MINNESOTA IMPRISONMENT AND EXONERATION REMEDIES ACT (MIERA): PETITIONER IS NOT EXONERATED IF A CONVICTION IS REVERSED BECAUSE EVIDENCE FROM AN UNCONSTITUTIONAL SEARCH SHOULD HAVE BEEN SUPPRESSED

Appellant’s conviction for drug possession was reversed on appeal after the court found a search that revealed the drugs in his pocket violated the constitution and that the drugs should have been suppressed. The district court thereafter denied Appellant’s petition for an order declaring him eligible for compensation under the MIERA.

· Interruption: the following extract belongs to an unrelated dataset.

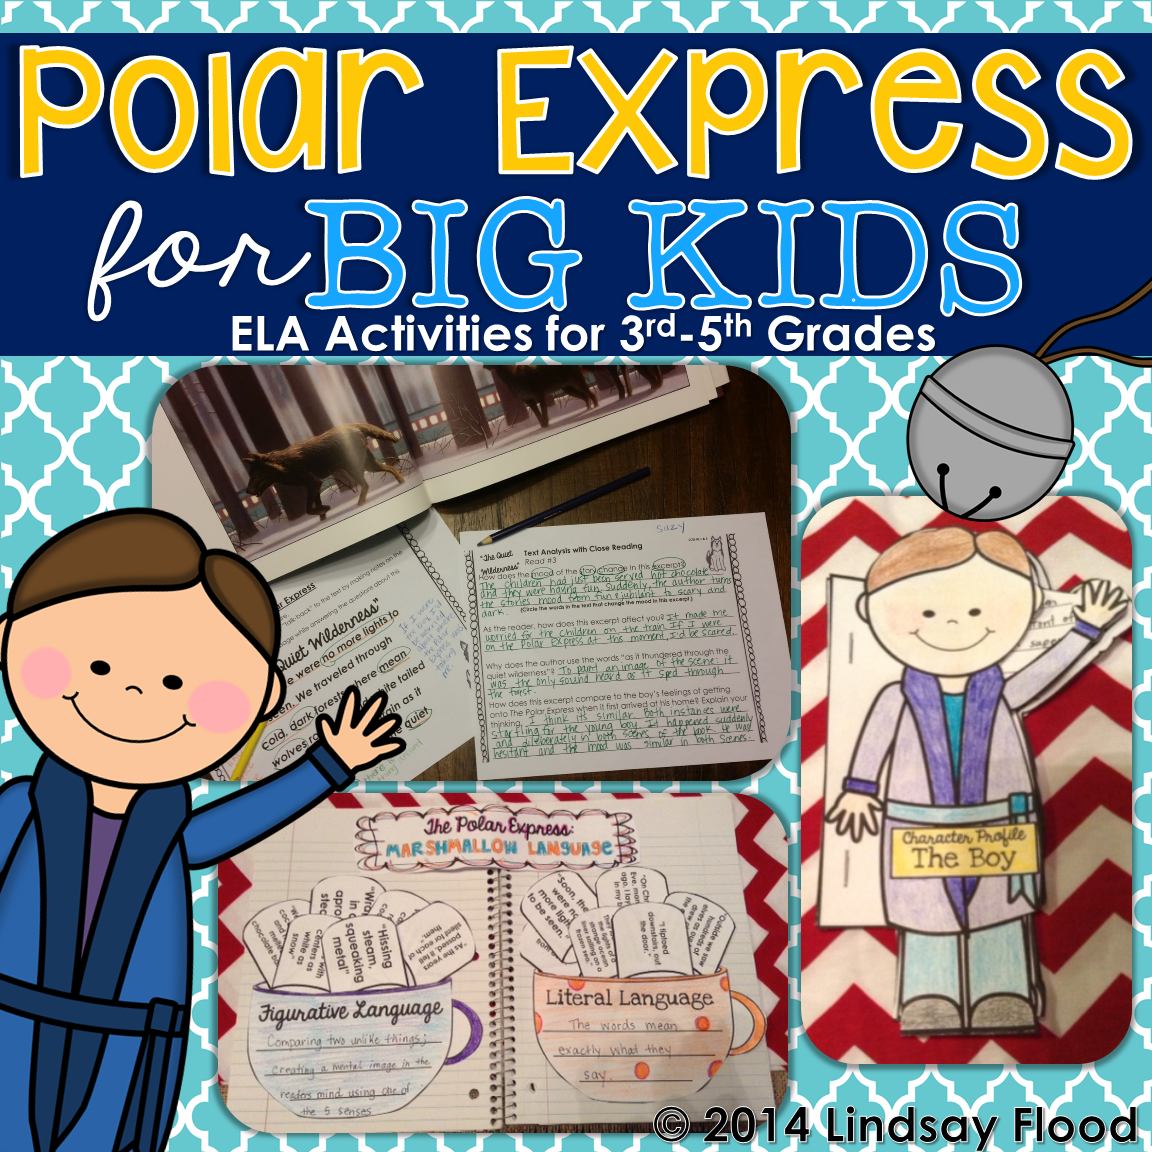 Polar Express For Big Kids

A petitioner may be entitled to compensation under the MIERA if they were exonerated. Minn. Stat. §§ 611.362-.368. “Exonerated” is defined in section 590.11 and, as is relevant here, means that a court “reversed” the conviction “on grounds consistent with innocence.” “Grounds consistent with innocence” means the petitioner was exonerated through a pardon or commutation based on factual innocence or exonerated because their conviction was vacated or reversed, or a new trial ordered, and there is evidence of factual innocence. Here, Appellant’s conviction was reversed but not because of his factual innocence – “the reversal was based on an issue of legal significance.” He was not, therefore, exonerated for purposes of the MIERA. Aery v. State, A23-1329, 2024 WL 2264166 (Minn. Ct. App. May 20, 2024).

CONFRONTATION CLAUSE: WITNESS IS NOT UNAVAILABLE IF THEY COULD HAVE TESTIFIED AT SOME POINT DURING TRIAL

Respondent’s first trial for second-degree unintentional felony murder ended in a mistrial. A State witness was potentially exposed to COVID at the time of the second trial. The district court found the witness was unavailable and allowed the transcript of her testimony to be read into the record during the second trial. Respondent was found guilty after the second trial. The Court of Appeals reversed, finding that potential exposure to COVID-19 did not make the witness unavailable.

The Confrontation Clause guarantees a defendant’s face-to-face meeting with witnesses against him or her. However, where a witness is unavailable and the defendant has had a prior opportunity for cross-examination, in-person testimony may not be required. Here, the witness was subject to cross-examination during her testimony at the first trial, but the Supreme Court finds she was not unavailable. The State bears the burden of proving a witness is unavailable and must make good faith efforts to obtain the witness’s presence at trial. The court holds that a witness’s unavailability must be assessed throughout trial – that is, the “district court should consider not only whether the witness is unavailable on the day that the State desires to call the witness, but also whether the witness will be unavailable at any reasonable point in time during the trial…”

Here, the witness was exposed to COVID-19, but the record does not show if she ever tested positive. The district court never inquired into the witness’s symptoms, level of contact with the COVID-positive individual, etc., and county public health officials advised the witness could appear at trial with certain precautions. The State failed to prove witness was unavailable for the entirety of trial, that she could not testify at any point during trial, and the district court’s finding that she was unavailable was error. However, the court holds that the the error was harmless beyond a reasonable doubt. State v. Trifiletti, A21-1101, 6 N.W.3d 79 (Minn. Sup. Ct. May 8, 2024).